Downloading fasta using efetch - CentOS


$ efetch -db nucleotide -id KJ413946.1 -format fasta


501 Protocol scheme 'https' is not supported (LWP::Protocol::https not installed)
No do_post output returned from 'https://eutils.ncbi.nlm.nih.gov/entrez/eutils/efetch.fcgi?db=nucleotide&id=KJ413946.1&rettype=fasta&retmode=text&edirect_os=linux&edirect=9.90&tool=edirect&email=datta@ttshbio'
Result of do_post http request is
$VAR1 = bless( {
                 '_content' => 'LWP will support https URLs if the LWP::Protocol::https module
is installed.
',
                 '_rc' => 501,
                 '_headers' => bless( {
                                        'client-warning' => 'Internal response',
                                        'client-date' => 'Thu, 27 Sep 2018 06:42:06 GMT',
                                        'content-type' => 'text/plain',
                                        '::std_case' => {
                                                          'client-warning' => 'Client-Warning',
                                                          'client-date' => 'Client-Date'
                                                        }
                                      }, 'HTTP::Headers' ),
                 '_msg' => 'Protocol scheme \'https\' is not supported (LWP::Protocol::https not installed)',
                 '_request' => bless( {
                                        '_content' => 'db=nucleotide&id=KJ413946.1&rettype=fasta&retmode=text&edirect_os=linux&edirect=9.90&tool=edirect&email=datta@ttshbio',
                                        '_uri' => bless( do{\(my $o = 'https://eutils.ncbi.nlm.nih.gov/entrez/eutils/efetch.fcgi')}, 'URI::https' ),
                                        '_headers' => bless( {
                                                               'user-agent' => 'libwww-perl/6.05',
                                                               'content-type' => 'application/x-www-form-urlencoded'
                                                             }, 'HTTP::Headers' ),
                                        '_method' => 'POST'
                                      }, 'HTTP::Request' )
               }, 'HTTP::Response' );

Installing "perl-LWP-Protocol-https" has solved the problem!

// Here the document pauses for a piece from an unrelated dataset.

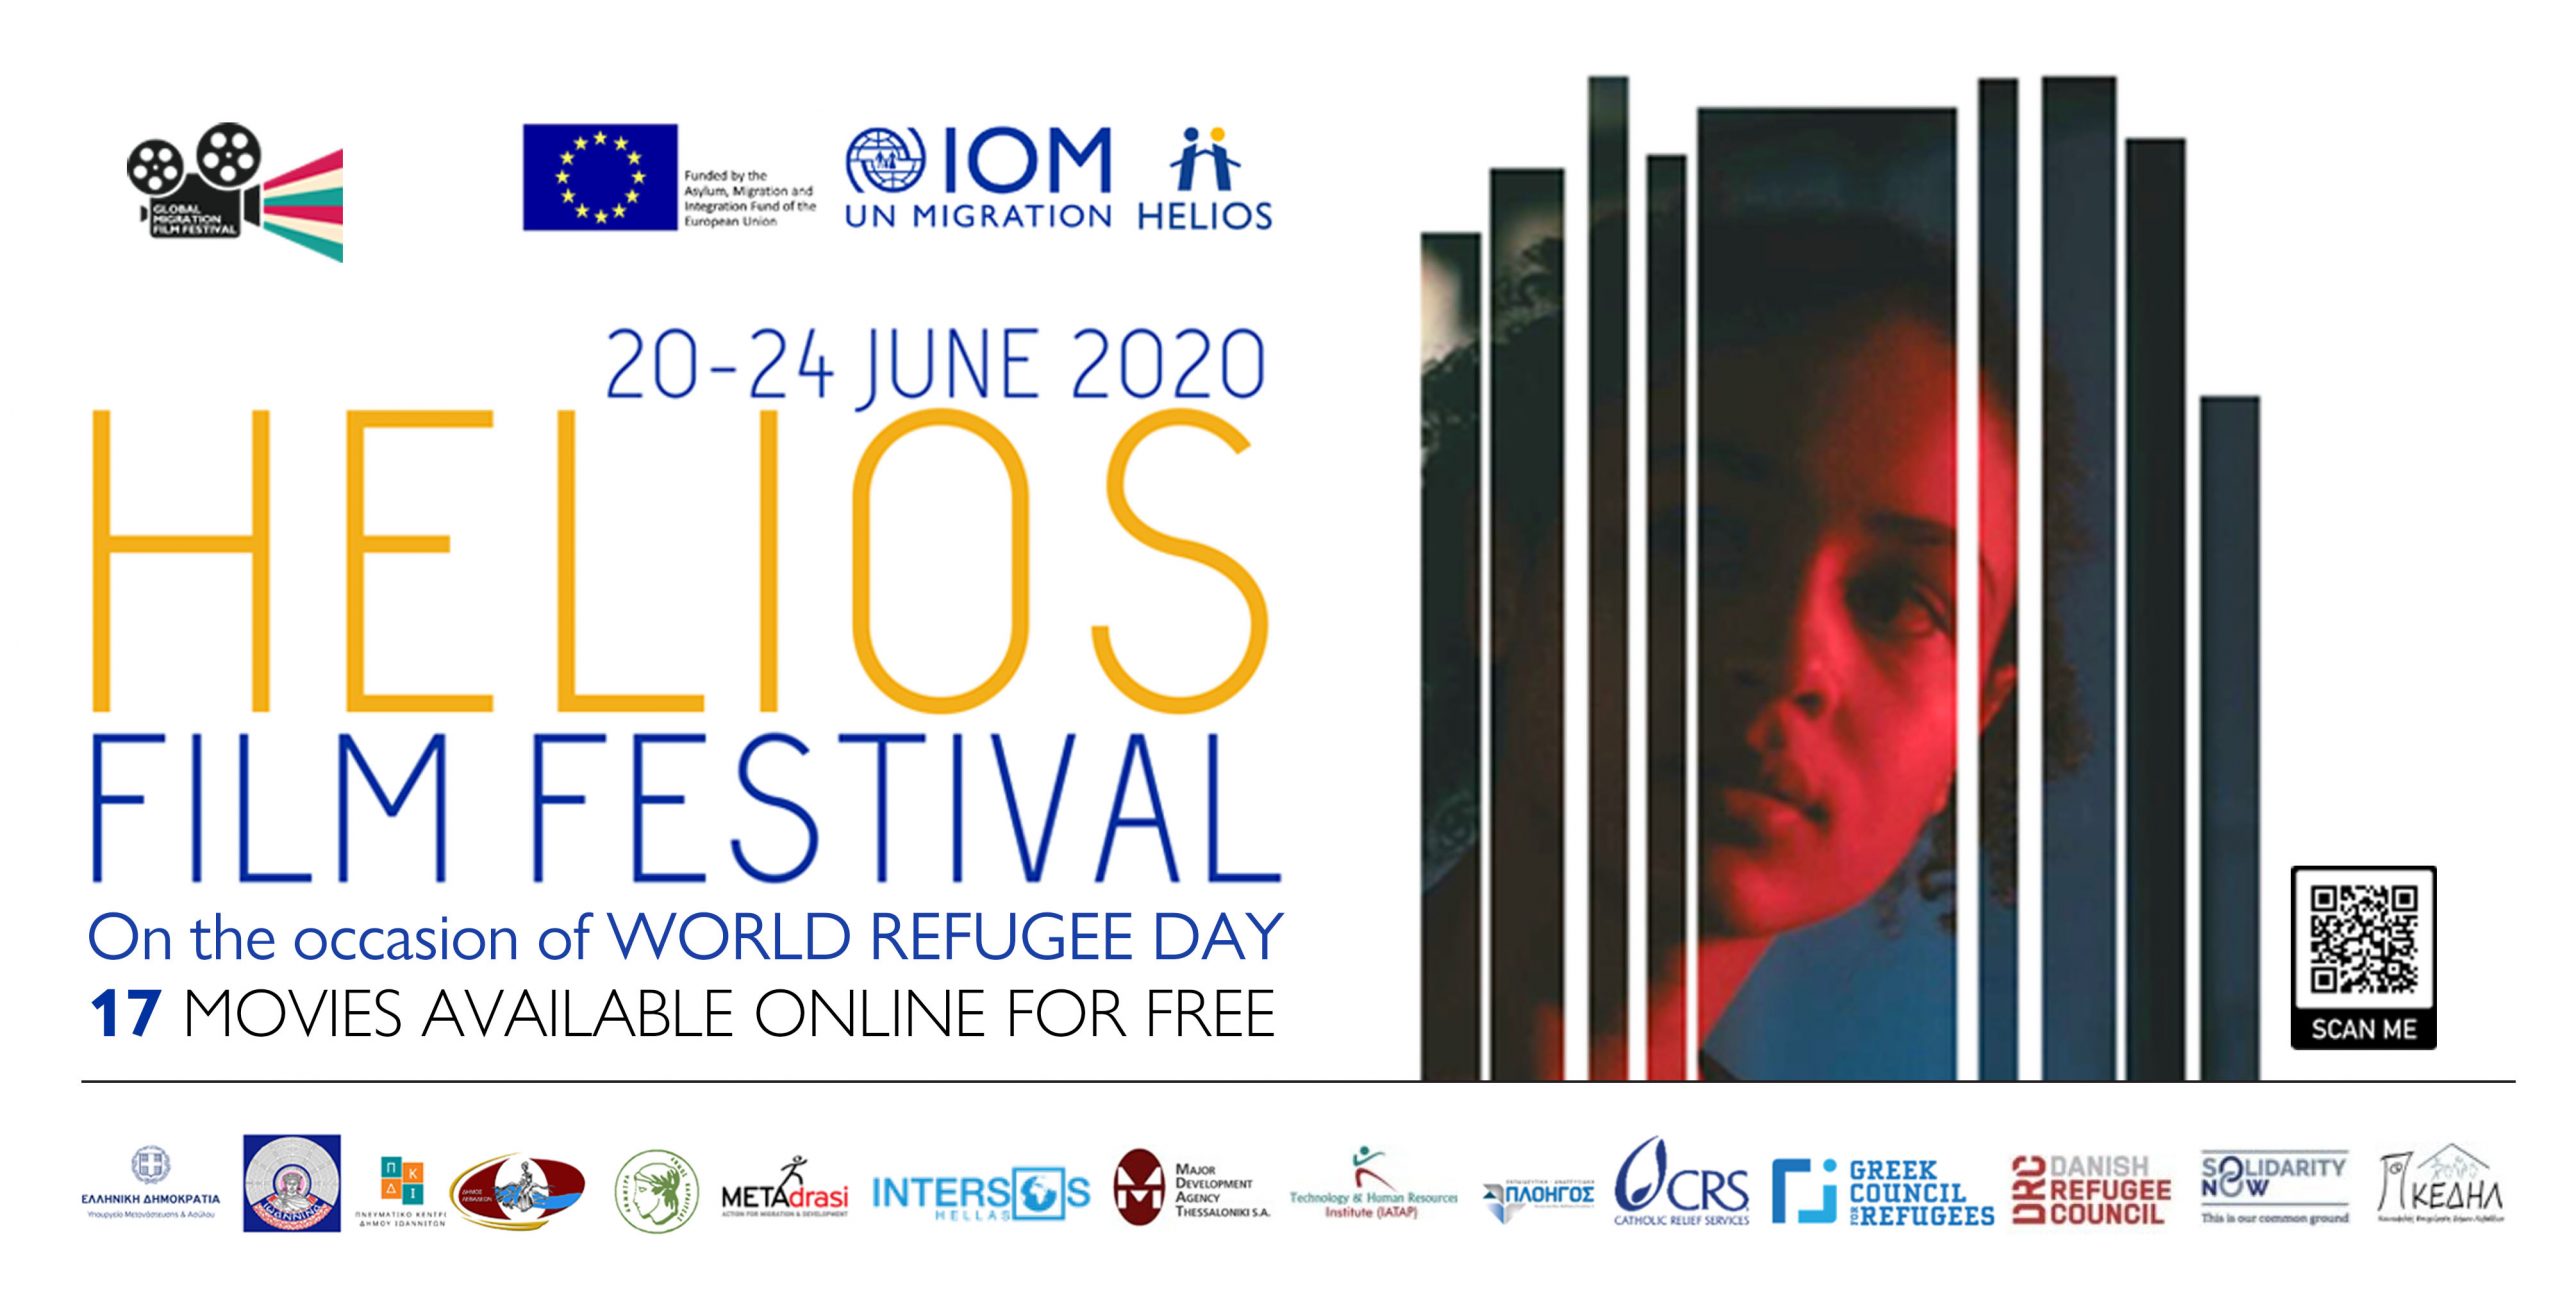  #HELIOS FILM FESTIVAL | Διαδικτυακό Φεστιβάλ Κινηματογράφου από τον ΔΟΜ

$ sudo yum install perl-LWP-Protocol-https


$ efetch -db nucleotide -id KJ413946.1 -format fasta
>KJ413946.1 Escherichia coli strain ECS01 plasmid pNDM-ECS01, complete sequence
ATGGCAGAGGAAAGCAAACAGCTAACCAAACGGCAACAAAAAGCCATTGATACAGCGGCGTTAATCCGGC
AGGAGCCGCCGCAGGGTGAAGATATGGCATTCACCCACTCCATTCTGTGCCAGGTCGGTTTGCCCCGTTC
TAAGGTGGCAGGGCGTGAGTTTATGCGCCGTTCTGGTGATGCCTGGCTCGTCGTACAGGCAGGCTGGATT
GATGAAGGCAGTGGCCCGGTAGAGCAGCCTTTACCCTATGGCGCTATGCCGCGACTCACGTTCGCCTGGA
TTTCATCGTATGCACTGCGCAACAAAACGCGGGAAATCGCCATCGGCCACAGCGCTAATGAGTTTCTTCA
CCTTATGGGGATGGACTCACAGGGAACCCGTCATAAAACGCTGCGTACACAAATGCAGGCGCTGGCCGCG
TGTCGTTTGCAGCTGGGCTTTAAGGGCC

For downloading multiple records from NCBI directly with a list of accession using "efetch" and make accession as filename:

$ time for d in $(cat Plasmid.list);do echo $d; efetch -db nucleotide -id $d -format fasta >$d.fasta; done ##takes a bit longer time 
 
real    6m47.812s
user    0m43.515s
sys    0m7.811s  

For extracting multiple records from local NT/NR database with a list of accessions using "blastdbcmd" and make accession as filename

$ time for d in $(cat Plasmid.list);do echo $d; blastdbcmd -db nt -entry $d >$d.fasta; done

real    0m26.736s
user    0m7.004s
sys    0m4.384s  

Notice the advantage of having downloaded local databases. It just took 26 secs!!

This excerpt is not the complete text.